Conflicting and opposing narratives and values associated with forests and their peoples have underpinned advances and setbacks in the implementation of Brazilian forest legislation over time.
History shows the appreciation of the human-nature relationship has expanded, paving the way for the emergence of more comprehensive forest laws that evolved to encapsulate a broader assemblage of narratives and values ascribed to forests in Brazil.
To a large extent, a broader understanding of the multiple values and importance of forests has emerged from vivid perceptions and repetitive experiences arising from the disastrous consequences of predatory and irrational use of natural resources, both in rural areas and urban settings.

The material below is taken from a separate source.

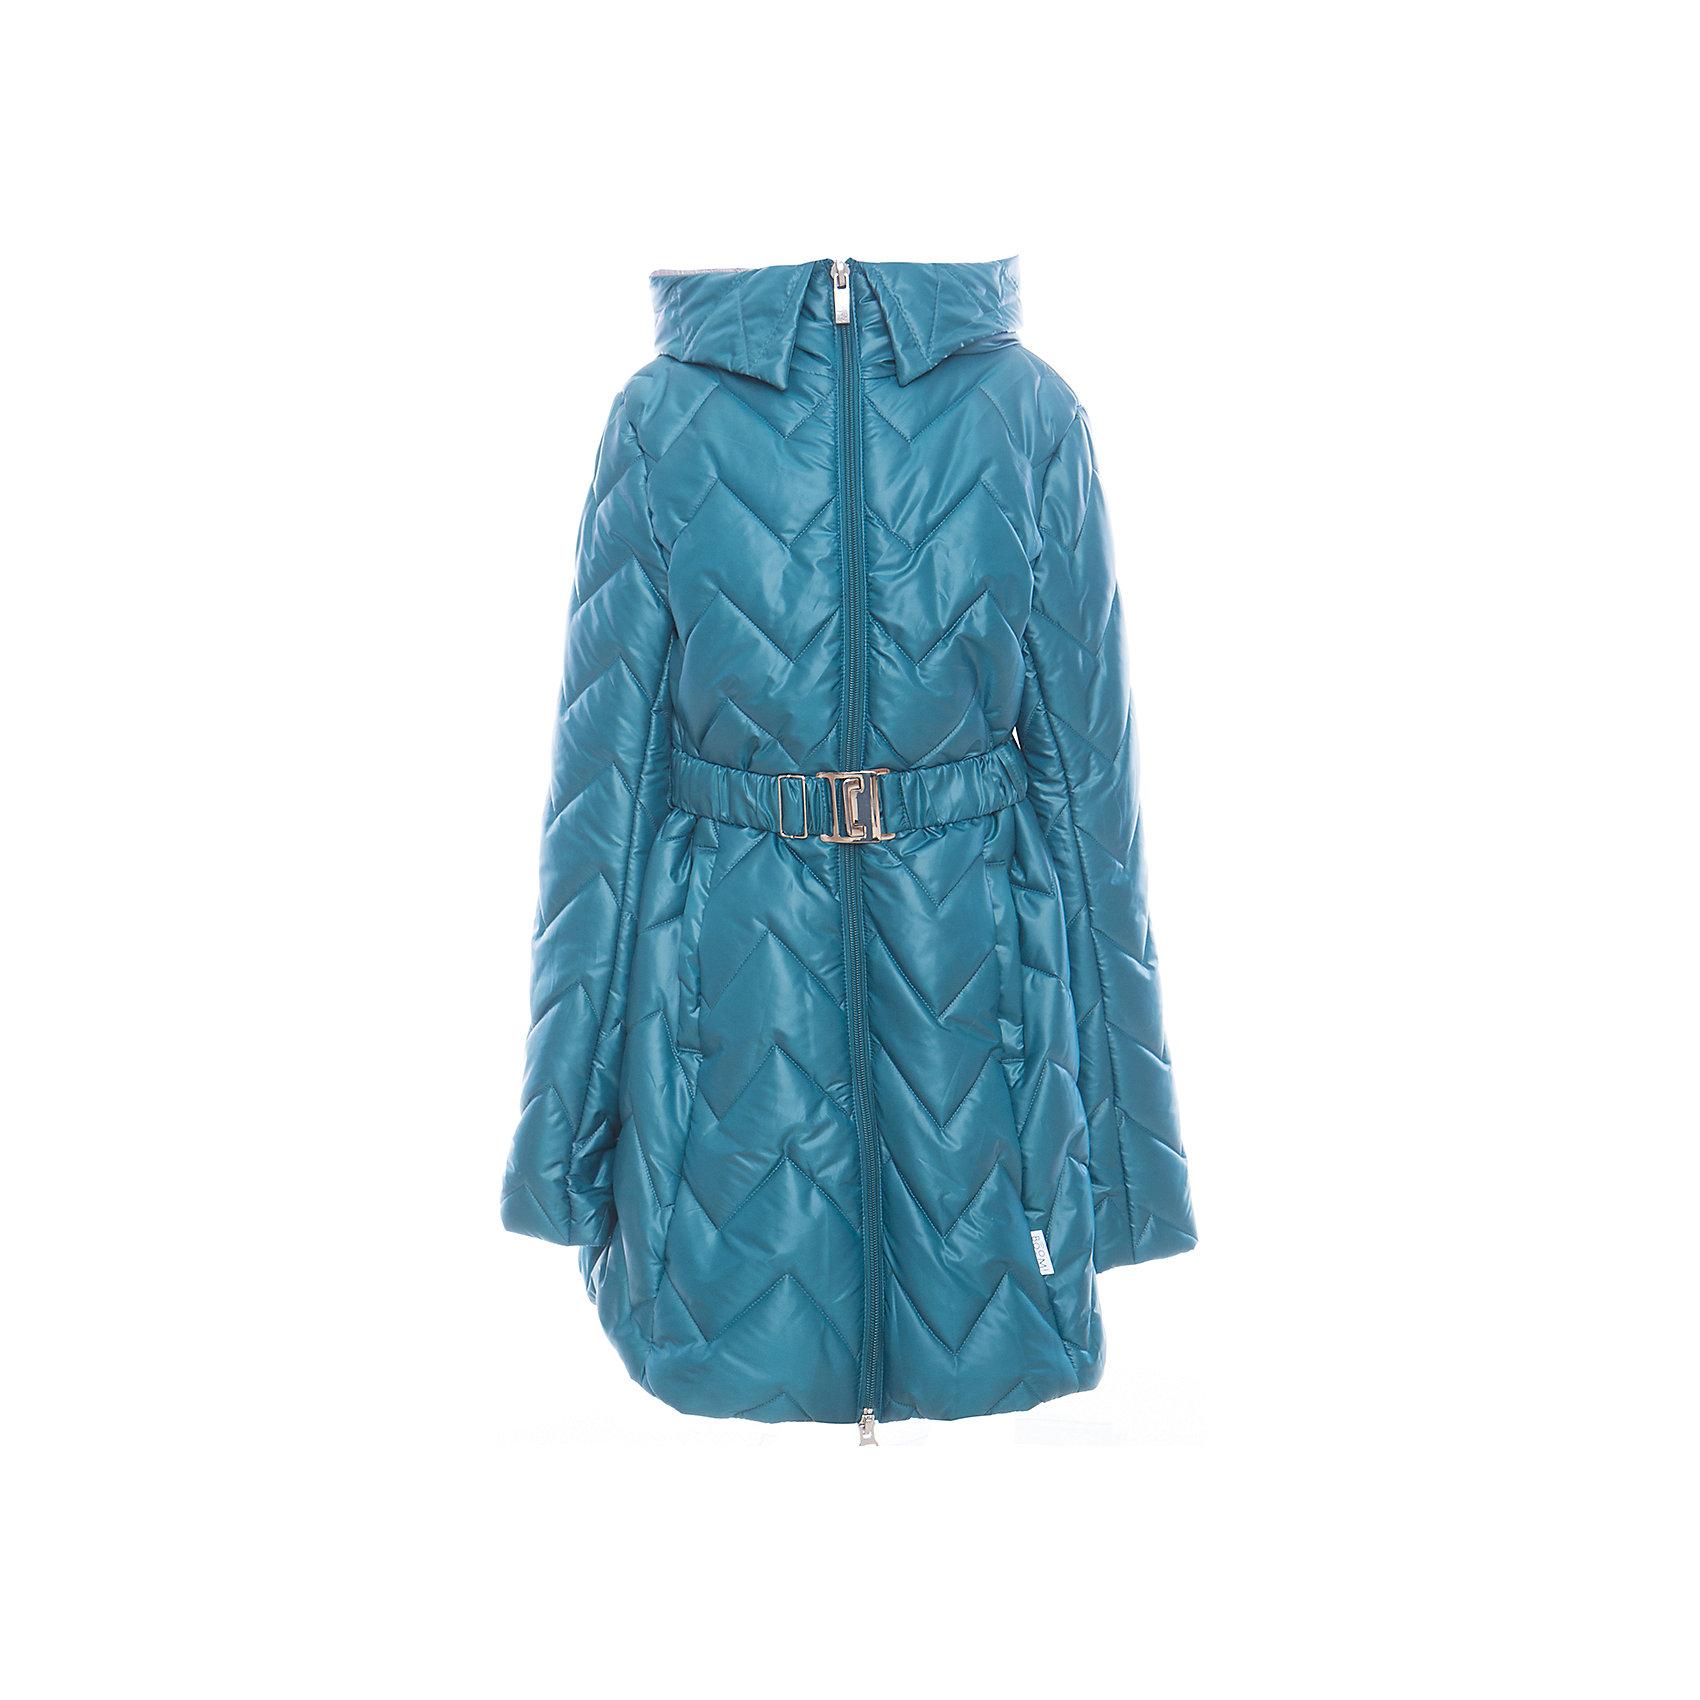 Пальто для девочки BOOM by OrbyВерхняя одежда<br>Характеристики товара:<br><br>• цвет: зеленый (изумрудный)<br>• состав: 100% полиэстер; верх - таффета , подкладка - флис, поликоттон, полиэстер, утеплитель: Flexy Fiber 150 г/м2<br>• температурный режим: от -5 С° до +10 С° <br>• капюшон (не отстегивается)<br>• карманы<br>• пояс с пряжкой<br>• высокий воротник<br>• застежка - молния<br>• стеганое<br>• длина до колен<br>• комфортная посадка<br>• страна производства: Российская Федерация<br>• страна бренда: Российская Федерация<br>• коллекция: весна-лето 2017<br><br>Такое пальто - отличный вариант для походов в школу в межсезонье с его постоянно меняющейся погодой. Эта модель - модная и удобная одновременно! Изделие отличается стильным элегантным дизайном. Пальто хорошо сидит по фигуре, отлично сочетается с различным низом. Вещь была разработана специально для детей.<br>Одежда от российского бренда BOOM by Orby уже завоевала популярностью у многих детей и их родителей. Вещи, выпускаемые компанией, качественные, продуманные и очень удобные. Для производства коллекций используются только безопасные для детей материалы. Спешите приобрести модели из новой коллекции Весна-лето 2017! <br><br>Пальто для девочки от бренда BOOM by Orby можно купить в нашем интернет-магазине.<br><br>Ширина мм: 356<br>Глубина мм: 10<br>Высота мм: 245<br>Вес г: 519<br>Цвет: голубой<br>Возраст от месяцев: 36<br>Возраст до месяцев: 48<br>Пол: Женский<br>Возраст: Детский<br>Размер: 104,158,110,98,116,122,128,134,140,146,152<br>SKU: 5343284

Yet, official narratives that embrace outdated but persistent discourses and narrow forest values contribute to eroding environmental governance at times, with a direct impact on deforestation, fires, and rural violence in Brazil.
Overcoming false dichotomies that oppose nature conservation and socioeconomic development is critical for strategies that conciliate pressing social-environmental demands.
In this study, my colleagues and I joined efforts to integrate extensive fieldwork from our research across the Brazilian Amazon. Our work examined how local governments' ability to manage urban floods is hindered by past and present governance decisions related to agricultural expansion and deforestation control in the Brazilian Amazon.
In a context where flows and spillovers between distant places and ecosystems have intensified, the ability of agents to make management decisions in many landscapes is increasingly challenged by external factors that have surpassed their importance. As a result, the governance of one place can no longer be thought of in isolation from others, because each socio-ecological system is part of a complex network of ecosystems and activities. The root causes of environmental problems may not only be traced back to the way activities in one place are managed, but also to decisions made in another place, at an earlier time, just as sea-level rise causing floods in deltas today stems from global warming effects exacerbated by decisions made by industrial economies during their development.
In the Brazilian Amazon, three challenges have become tightly interlinked over time: agricultural expansion, deforestation control, and flooding mitigation. Many cities in the region experience floods, and their occurrence and severity have intensified. Agricultural expansion over forests has indeed perturbed regional water regimes and pushed the Amazon to an imminent tipping point. Along with the increased water runoff from agricultural fields, the multiplication of dams has also intensified the frequency of floods.
Land-use changes in the watershed embedding the city of Paragominas, state of Pará, Brazil (bottom-right rectangle). The figure shows the replacement of pasturelands by soybean plantations between 2000 and 2019. Land-use changes occurred predominantly along the rivers, whereas forest cover remained in the interfluves.
How can cities like Paragominas and their residents address local flooding issues without connecting to the broader “soybean-beef-flood” governance systems?
Using mixed-methods research, including detailed fieldwork, interviews with a variety of stakeholders, official census data, and geospatial analysis of land-use and cover change across three case studies, we illustrate how managing multiple social-ecological systems presents an intertemporal governance challenge. Our study explains how urban floods are influenced by various factors, including engineering challenges, land-use decisions, and distant governance choices that aim to control soybean expansion over forestlands.
We argue that solving a single problem isn't just about fixing resource use or local management, but also involves rethinking the regional governance of activities that can mitigate negative impacts caused by governance decisions elsewhere.